## [Your instructions]
Give back the data in full. Leave nothing out.

»»

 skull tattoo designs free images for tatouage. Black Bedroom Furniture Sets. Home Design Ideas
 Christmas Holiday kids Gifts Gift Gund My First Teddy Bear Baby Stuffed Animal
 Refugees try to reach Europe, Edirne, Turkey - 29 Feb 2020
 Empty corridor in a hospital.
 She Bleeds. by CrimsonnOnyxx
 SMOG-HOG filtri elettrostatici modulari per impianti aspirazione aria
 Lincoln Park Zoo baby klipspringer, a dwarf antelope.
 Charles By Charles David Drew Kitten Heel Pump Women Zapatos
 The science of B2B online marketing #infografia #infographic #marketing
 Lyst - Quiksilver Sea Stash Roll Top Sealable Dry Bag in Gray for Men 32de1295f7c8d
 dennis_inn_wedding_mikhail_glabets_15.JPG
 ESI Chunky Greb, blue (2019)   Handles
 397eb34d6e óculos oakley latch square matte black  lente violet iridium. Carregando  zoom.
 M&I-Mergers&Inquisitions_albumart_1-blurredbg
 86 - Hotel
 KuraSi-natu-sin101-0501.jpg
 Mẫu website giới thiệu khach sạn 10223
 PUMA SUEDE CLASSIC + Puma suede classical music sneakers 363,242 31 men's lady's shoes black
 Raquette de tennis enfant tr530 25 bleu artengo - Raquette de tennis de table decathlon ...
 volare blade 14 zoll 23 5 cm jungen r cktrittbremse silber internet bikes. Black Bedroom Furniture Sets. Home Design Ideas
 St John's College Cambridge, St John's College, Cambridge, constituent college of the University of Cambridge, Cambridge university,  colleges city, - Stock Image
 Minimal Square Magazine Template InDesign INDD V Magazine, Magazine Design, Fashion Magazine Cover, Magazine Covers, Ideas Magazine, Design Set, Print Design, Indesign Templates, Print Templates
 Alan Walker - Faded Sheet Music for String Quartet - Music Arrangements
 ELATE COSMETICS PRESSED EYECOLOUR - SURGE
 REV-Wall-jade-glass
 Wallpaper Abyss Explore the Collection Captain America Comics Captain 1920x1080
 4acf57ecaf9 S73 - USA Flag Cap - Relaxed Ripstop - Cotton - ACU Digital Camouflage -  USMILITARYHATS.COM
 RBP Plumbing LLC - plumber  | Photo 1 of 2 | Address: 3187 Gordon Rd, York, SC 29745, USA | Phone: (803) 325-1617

««

## [Completed exercise]
 skull tattoo designs free images for tatouage. Black Bedroom Furniture Sets. Home Design Ideas
 Christmas Holiday kids Gifts Gift Gund My First Teddy Bear Baby Stuffed Animal
 Refugees try to reach Europe, Edirne, Turkey - 29 Feb 2020
 Empty corridor in a hospital.
 She Bleeds. by CrimsonnOnyxx
 SMOG-HOG filtri elettrostatici modulari per impianti aspirazione aria
 Lincoln Park Zoo baby klipspringer, a dwarf antelope.
 Charles By Charles David Drew Kitten Heel Pump Women Zapatos
 The science of B2B online marketing #infografia #infographic #marketing
 Lyst - Quiksilver Sea Stash Roll Top Sealable Dry Bag in Gray for Men 32de1295f7c8d
 dennis_inn_wedding_mikhail_glabets_15.JPG
 ESI Chunky Greb, blue (2019)   Handles
 397eb34d6e óculos oakley latch square matte black  lente violet iridium. Carregando  zoom.
 M&I-Mergers&Inquisitions_albumart_1-blurredbg
 86 - Hotel
 KuraSi-natu-sin101-0501.jpg
 Mẫu website giới thiệu khach sạn 10223
 PUMA SUEDE CLASSIC + Puma suede classical music sneakers 363,242 31 men's lady's shoes black
 Raquette de tennis enfant tr530 25 bleu artengo - Raquette de tennis de table decathlon ...
 volare blade 14 zoll 23 5 cm jungen r cktrittbremse silber internet bikes. Black Bedroom Furniture Sets. Home Design Ideas
 St John's College Cambridge, St John's College, Cambridge, constituent college of the University of Cambridge, Cambridge university,  colleges city, - Stock Image
 Minimal Square Magazine Template InDesign INDD V Magazine, Magazine Design, Fashion Magazine Cover, Magazine Covers, Ideas Magazine, Design Set, Print Design, Indesign Templates, Print Templates
 Alan Walker - Faded Sheet Music for String Quartet - Music Arrangements
 ELATE COSMETICS PRESSED EYECOLOUR - SURGE
 REV-Wall-jade-glass
 Wallpaper Abyss Explore the Collection Captain America Comics Captain 1920x1080
 4acf57ecaf9 S73 - USA Flag Cap - Relaxed Ripstop - Cotton - ACU Digital Camouflage -  USMILITARYHATS.COM
 RBP Plumbing LLC - plumber  | Photo 1 of 2 | Address: 3187 Gordon Rd, York, SC 29745, USA | Phone: (803) 325-1617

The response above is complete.